Manual cleanup refers to the simple act of humans cleaning up affected areas without the use or impact of industrial machinery.
Mechanical cleanup utilizes large specialized machines to more quickly and systematically relieve oil-crippled enviroments.
Manual cleanup is widely preferred, but the use of heavy machinery can quickly clean up large areas. It is worth noting that the use of bulldozers, trucks and digging equipment can damage the affected areas in addition to the oil.
These techniques are directed primarily at marshy locales which may require a unique approach to recovery.
Vacuum/pumping removes pooled oil on marsh sediment or the surface of water. Low-pressure flush pushes oil towards collection points where other equipment is operating, like skimmers or vacuums. Vegetation cutting is when plants are cut and removed so that other techniques can be effectively employed, however, erosion and damage to fragile sediment and existing roots may limit or even delay recovery.
Bioremediation is a potential low-impact cleaning technique, using microorganisms and enzymes to facilitate decomposition. Nitrate or sulfate fertilizers are used to facilitate decomposition.
Natural organic sorbents: peat moss, straw, sawdust, feathers and even ground corncobs can soak up 3-15x their weight, but may sink. Natural inorganic sorbents like clay, perlite, glass wool, sand or volcanic ash all can soak up 4-20x times their weight in oil.
Synthetic sorbents are similar to plastics and are designed to soak up liquids into their surface and can absorb up to 70x their weight in oil.
Booms and skimmers work like complex barriers and filters. Booms define a physical boundary to encapsulate a polluted area. Skimmers process the area by taking in great quantities of polluted sea water and separating the pollutants.
In order to properly deploy booms and skimmers to recover oil, the movements and activities of vessels must be controlled as to direct them to the thickest areas of oil. Doing so effectively requires aircraft equipped with air-to-sea communications. Overall, containment and recovery operations at sea require extensive logistical support, which should not be underestimated.

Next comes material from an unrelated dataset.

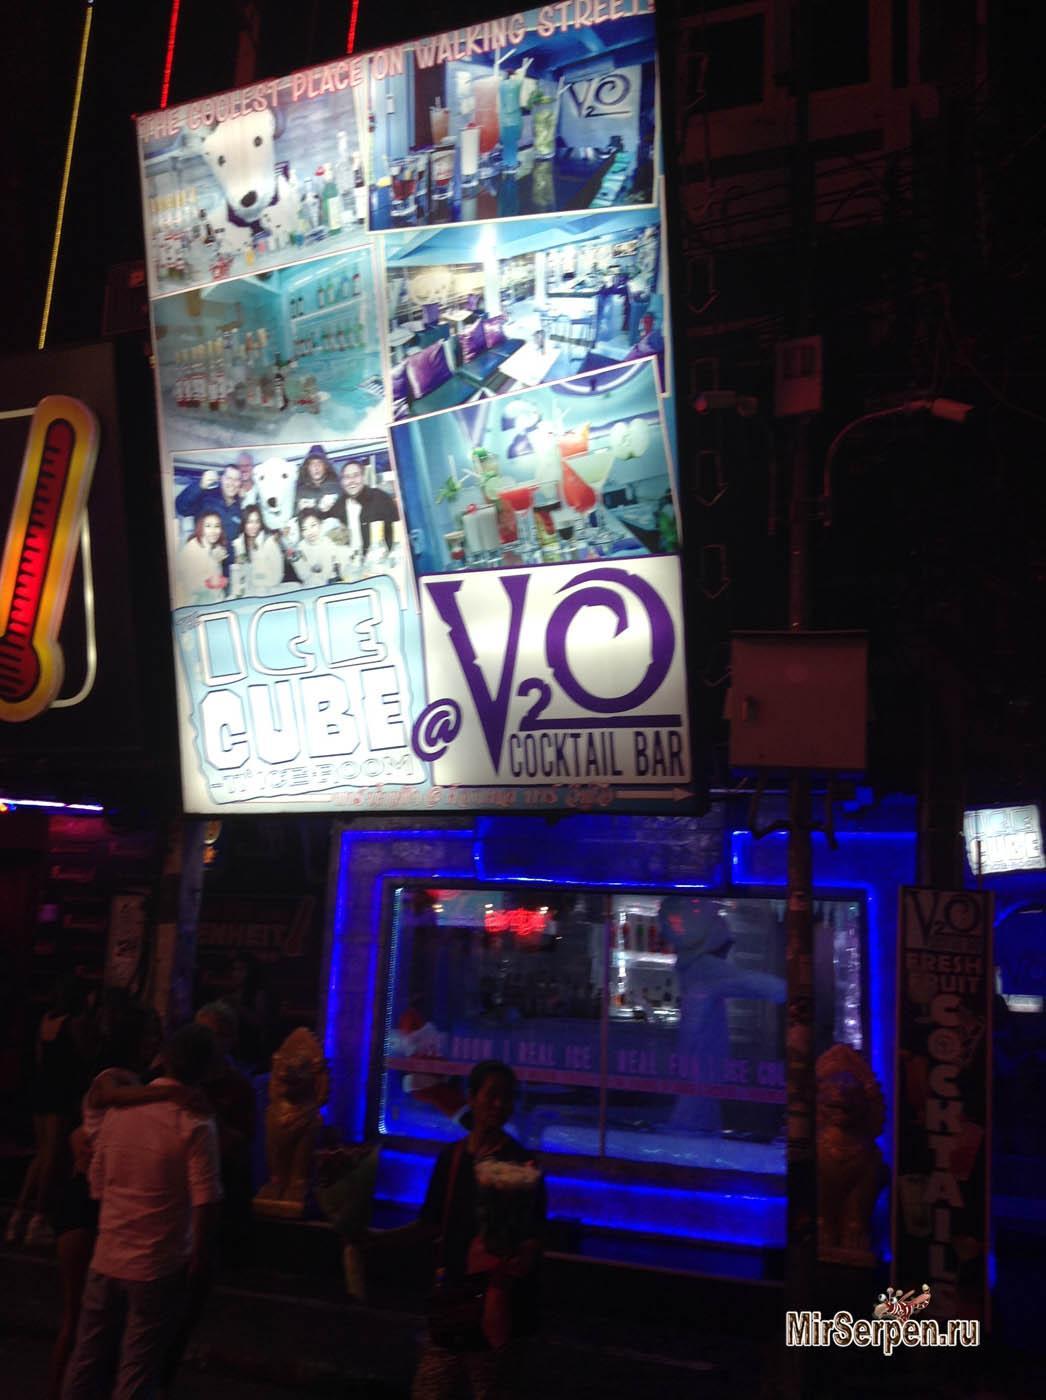 Про Паттайю: ICE BAR V2O Pattaya

Further limitations are brought about by poor weather and rough seas.
Controlled burning removes large portions of oil from the water’s surface, keeping it away from the shoreline and shifting the environmental impact from the sea to the air.
While it may seem like a simple solution, burning such a large mass of oil does have its consequences. Furthermore, burning does not get rid of the oil entirely. It leaves waxy residue that must either be skimmed from the surface or it sinks to the bottom of the ocean.
Controlled burning has been suggested by several agencies as a means of preventing large masses of oil from reaching the Gulf’s shore.
Underwater dispersants attach to the oil before it can reach the surface, thus minimizing the amount of oil that eventually lands on shore.
Underwater dispersants break up oil by bonding to the oil molecules and forcing them to separate from regular sea water below the surface. This renders large underwater oil slicks into smaller, more quickly degrading oil droplets.
Underwater dispersants are not without their own drawbacks. Though less toxic than the oil spill it’s meant to address, the chemical itself is actually toxic and could potentially cause damage to underwater ecosystems.
Surface dispersants are a common product used to fight oil spills at the ocean’s surface.
Surface dispersants break up oil by bonding to the oil molecules and forcing them to separate from regular sea water at the surface. This renders large solid oil slicks into smaller, more quickly degrading oil droplets.
Surface dispersants are not without their own drawbacks. Though less toxic than the oil spill it’s meant to address, the chemical itself is actually toxic.